Update to 0.1.0-rc5

andrewdalpino · andrewdalpino · commit d076d864eece · 2020-07-08T05:02:36.000-05:00
diff --git a/README.md b/README.md
@@ -57,7 +57,7 @@ Neural networks compute a non-linear continuous function and therefore require c
 
 First, we'll convert all characters to lowercase and remove any extra whitespace using [Text Normalizer](https://docs.rubixml.com/en/latest/transformers/text-normalizer.html). Then, [Word Count Vectorizer](https://docs.rubixml.com/en/latest/transformers/word-count-vectorizer.html) is responsible for creating a continuous feature vector of word counts from the raw text and [TF-IDF Transformer](https://docs.rubixml.com/en/latest/transformers/tf-idf-transformer.html) applies a weighting scheme to those counts. Finally, [Z Scale Standardizer](https://docs.rubixml.com/en/latest/transformers/z-scale-standardizer.html) takes the TF-IDF weighted counts and centers and scales the sample matrix to have 0 mean and unit variance. This last step will help the neural network converge quicker.
 
-The Word Count Vectorizer is a bag-of-words feature extractor that uses a fixed vocabulary and term counts to quantify the words that appear in a particular document. We elect to limit the size of the vocabulary to 10,000 of the most frequent words that satisfy the criteria of appearing in at least 3 different documents. In this way, we limit the amount of *noise* words that enter the training set.
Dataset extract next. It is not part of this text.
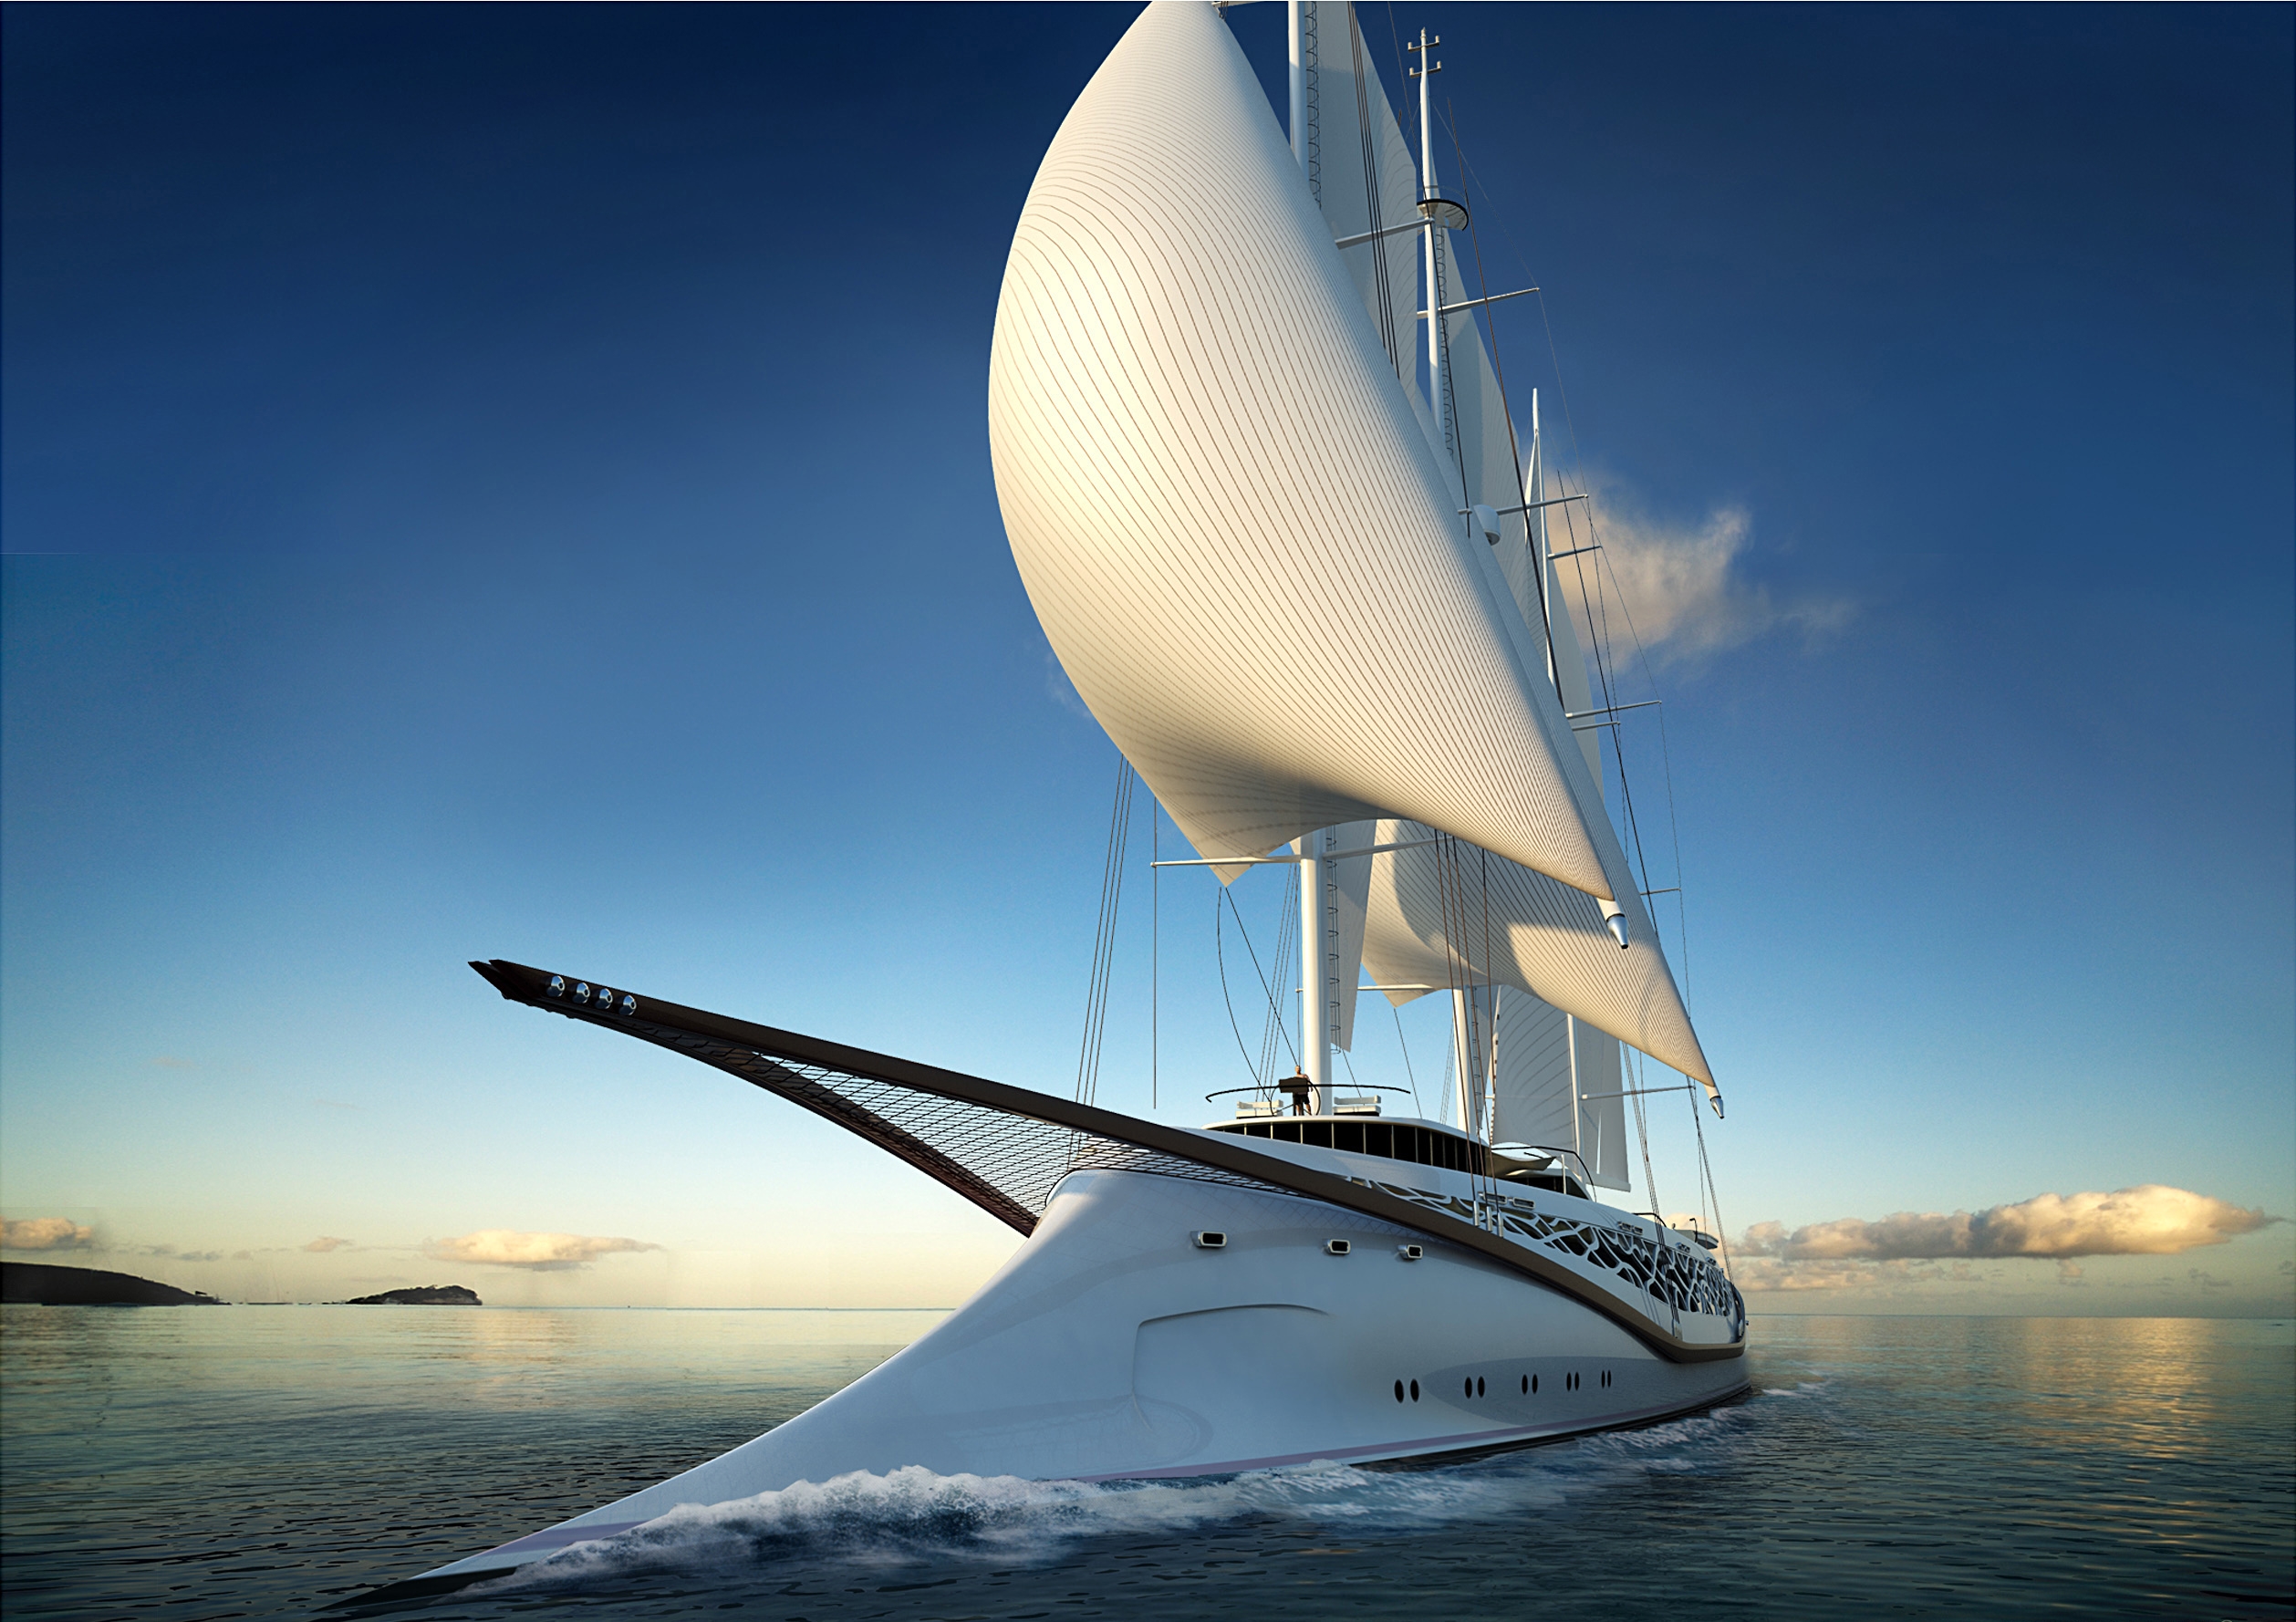 yacht, relaxation, sails, rest, miscellanea, miscellaneous, ocean, journey, sail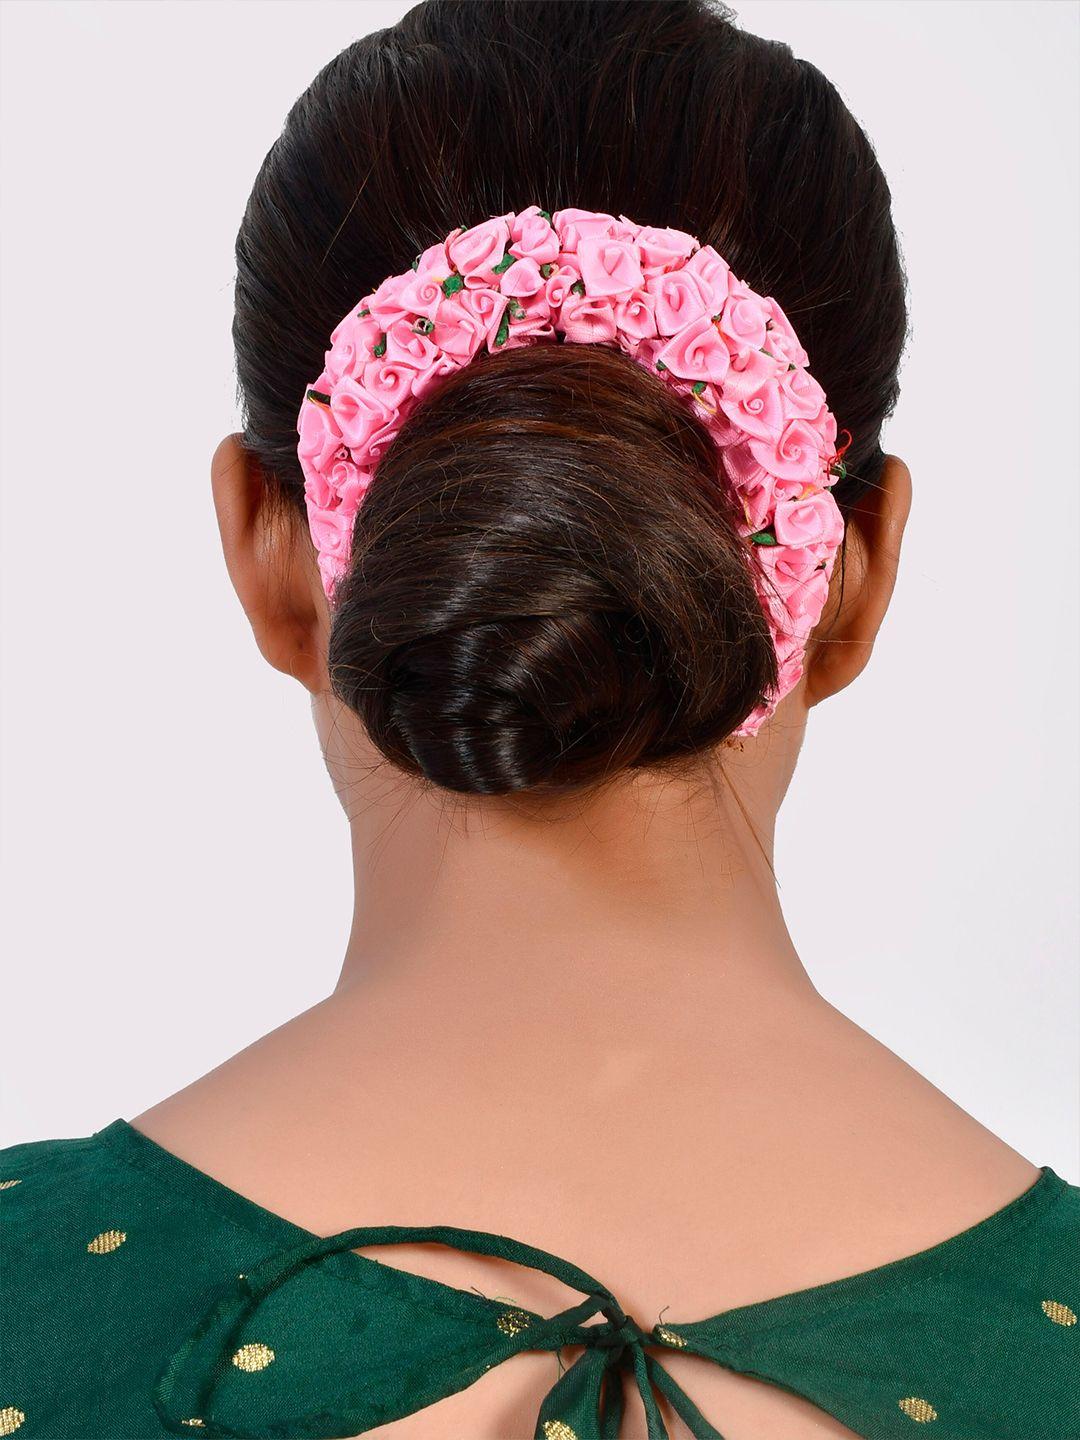 silvermerc designs women pink & green embellished hair bun accessory

+The Word Count Vectorizer is a bag-of-words feature extractor that uses a fixed vocabulary and term counts to quantify the words that appear in a particular document. We elect to limit the size of the vocabulary to 10,000 of the most frequent words that satisfy the criteria of appearing in at least 3 different documents but no more than 5,000 documents. In this way, we limit the amount of *noise* words that enter the training set.
 
 Another common feature representation for words are their [TF-IDF](https://en.wikipedia.org/wiki/Tf%E2%80%93idf) values which take the term frequencies (TF) from Word Count Vectorizer and weight them by their inverse document frequencies (IDF). IDFs can be interpreted as the word's *importance* within the text corpus. Specifically, higher weight is given to words that are more rare within the corpus.
 
@@ -84,7 +84,7 @@ use Rubix\ML\Persisters\Filesystem;
 $estimator = new PersistentModel(
     new Pipeline([
         new TextNormalizer(),
-        new WordCountVectorizer(10000, 3, new NGram(1, 2)),
+        new WordCountVectorizer(10000, 3, 5000, new NGram(1, 2)),
         new TfIdfTransformer(),
         new ZScaleStandardizer(),
     ], new MultilayerPerceptron([
diff --git a/composer.json b/composer.json
@@ -23,7 +23,7 @@
     "require": {
         "php": ">=7.2",
         "league/csv": "^9.5",
-        "rubix/ml": "^0.1.0-rc3"
+        "rubix/ml": "^0.1.0-rc5"
     },
     "suggest": {
         "ext-tensor": "For faster training and inference"
diff --git a/train.php b/train.php
@@ -41,7 +41,7 @@
 $estimator = new PersistentModel(
     new Pipeline([
         new TextNormalizer(),
-        new WordCountVectorizer(10000, 3, new NGram(1, 2)),
+        new WordCountVectorizer(10000, 3, 5000, new NGram(1, 2)),
         new TfIdfTransformer(),
         new ZScaleStandardizer(),
     ], new MultilayerPerceptron([